### What the task requires
Once the pictures are set aside, reproduce the entries below exactly.

━━━━━━━━━━━━━━━━━━━━

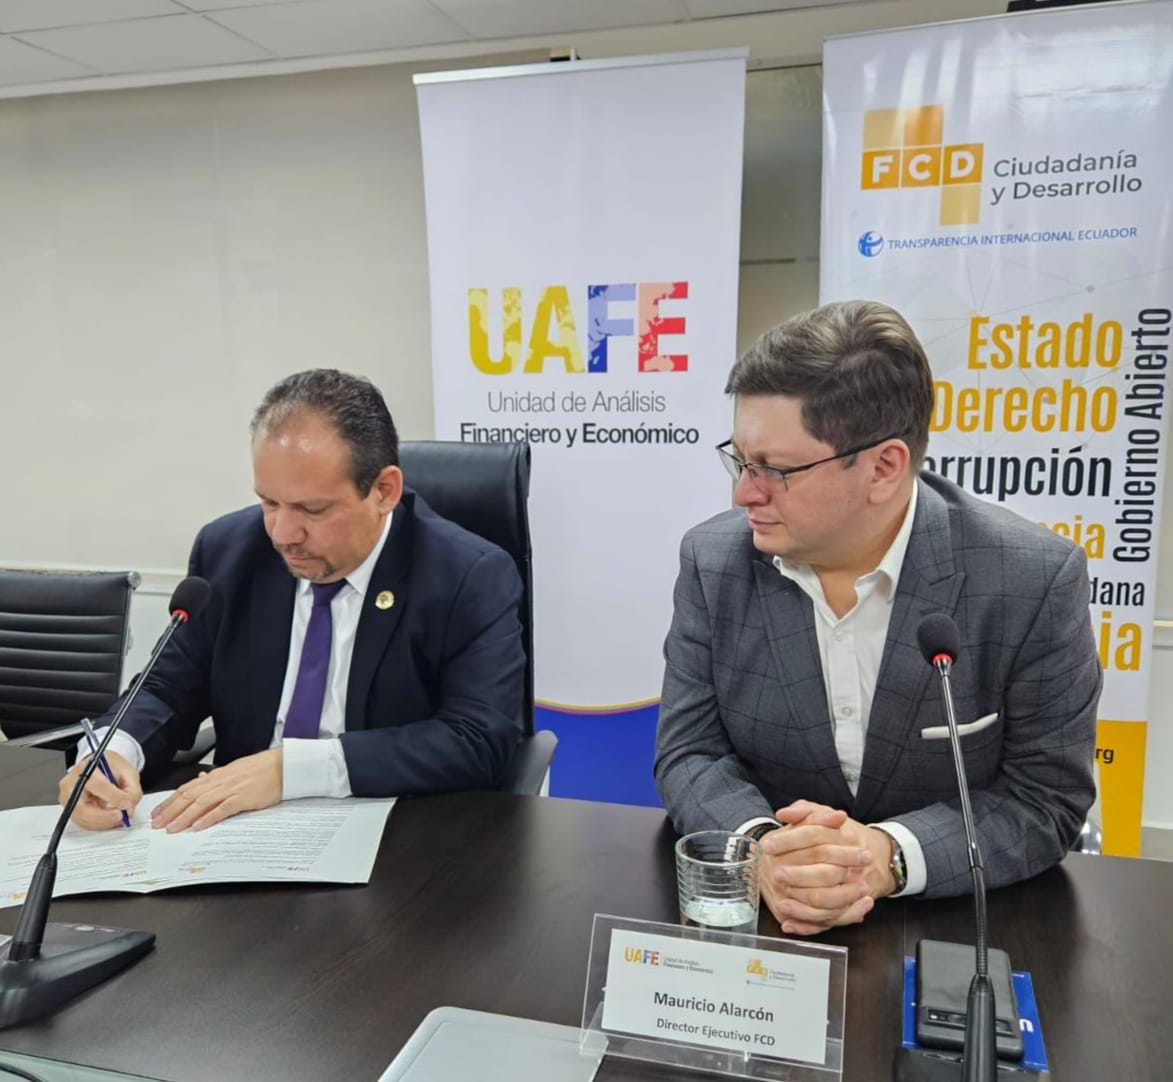 ¡Trabajamos por #ElNuevoEcuador!

#UAFE y @FCD_Ecuador se unen para prevenir el #LavadoDeActivos y otros delitos en 🇪🇨. 

✅El compromiso se plasmó a través de la firma del Convenio Marco de Cooperación entre ambas entidades.

#TodosSomosUAFE
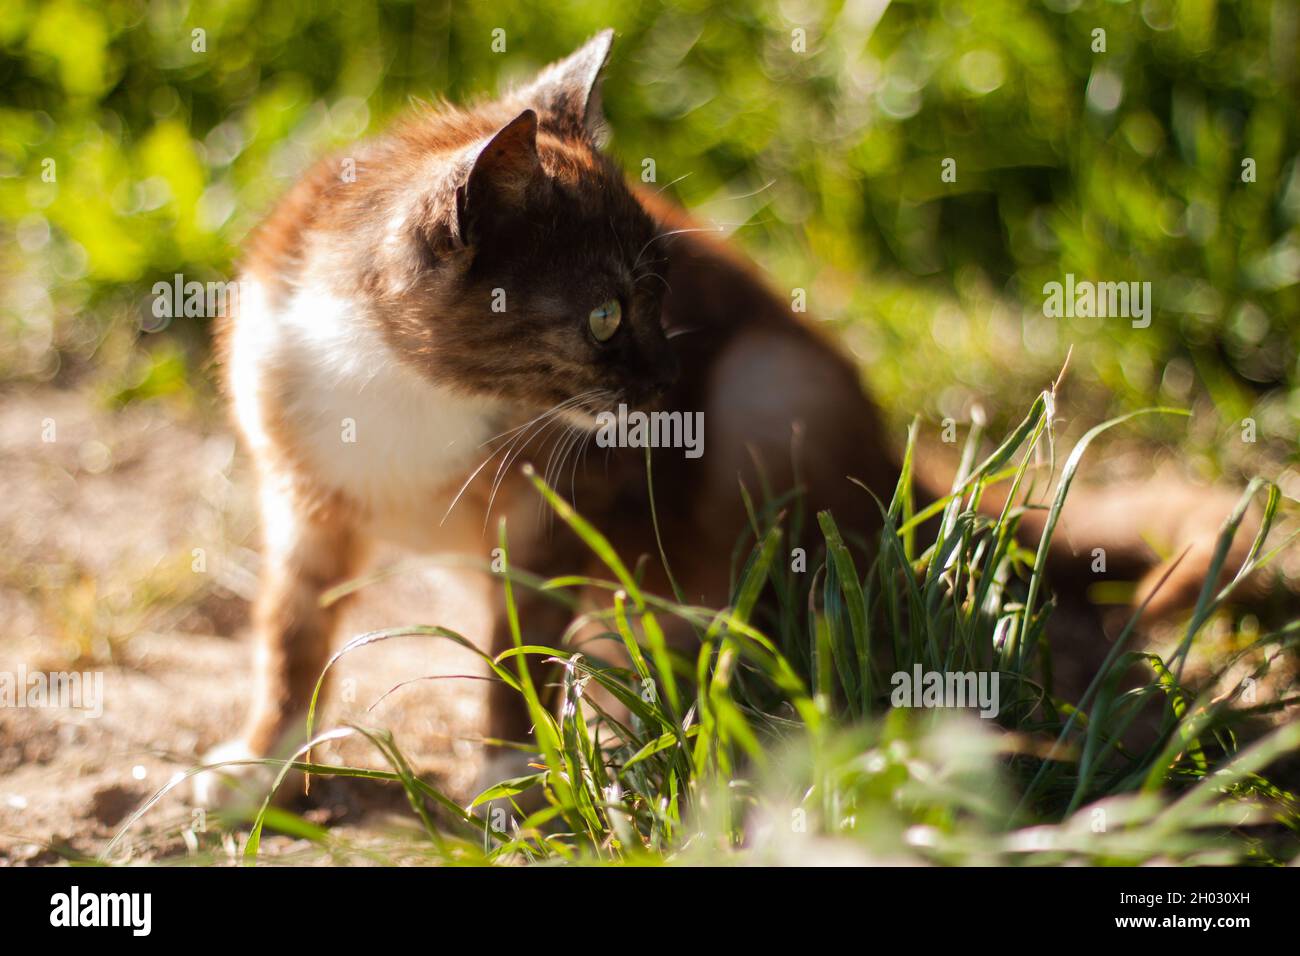 Junge Katze, die im Gras im hellen Sonnenlicht sitzt | Vorderansicht einer braun-weißen Katze, die auf dem Boden sitzt und an einem sonnigen Tag im Sommer zur Seite schaut Stockfoto

━━━━━━━━━━━━━━━━━━━━

### Solution to this problem
 ¡Trabajamos por #ElNuevoEcuador!

#UAFE y @FCD_Ecuador se unen para prevenir el #LavadoDeActivos y otros delitos en 🇪🇨. 

✅El compromiso se plasmó a través de la firma del Convenio Marco de Cooperación entre ambas entidades.

#TodosSomosUAFE
 Junge Katze, die im Gras im hellen Sonnenlicht sitzt | Vorderansicht einer braun-weißen Katze, die auf dem Boden sitzt und an einem sonnigen Tag im Sommer zur Seite schaut Stockfoto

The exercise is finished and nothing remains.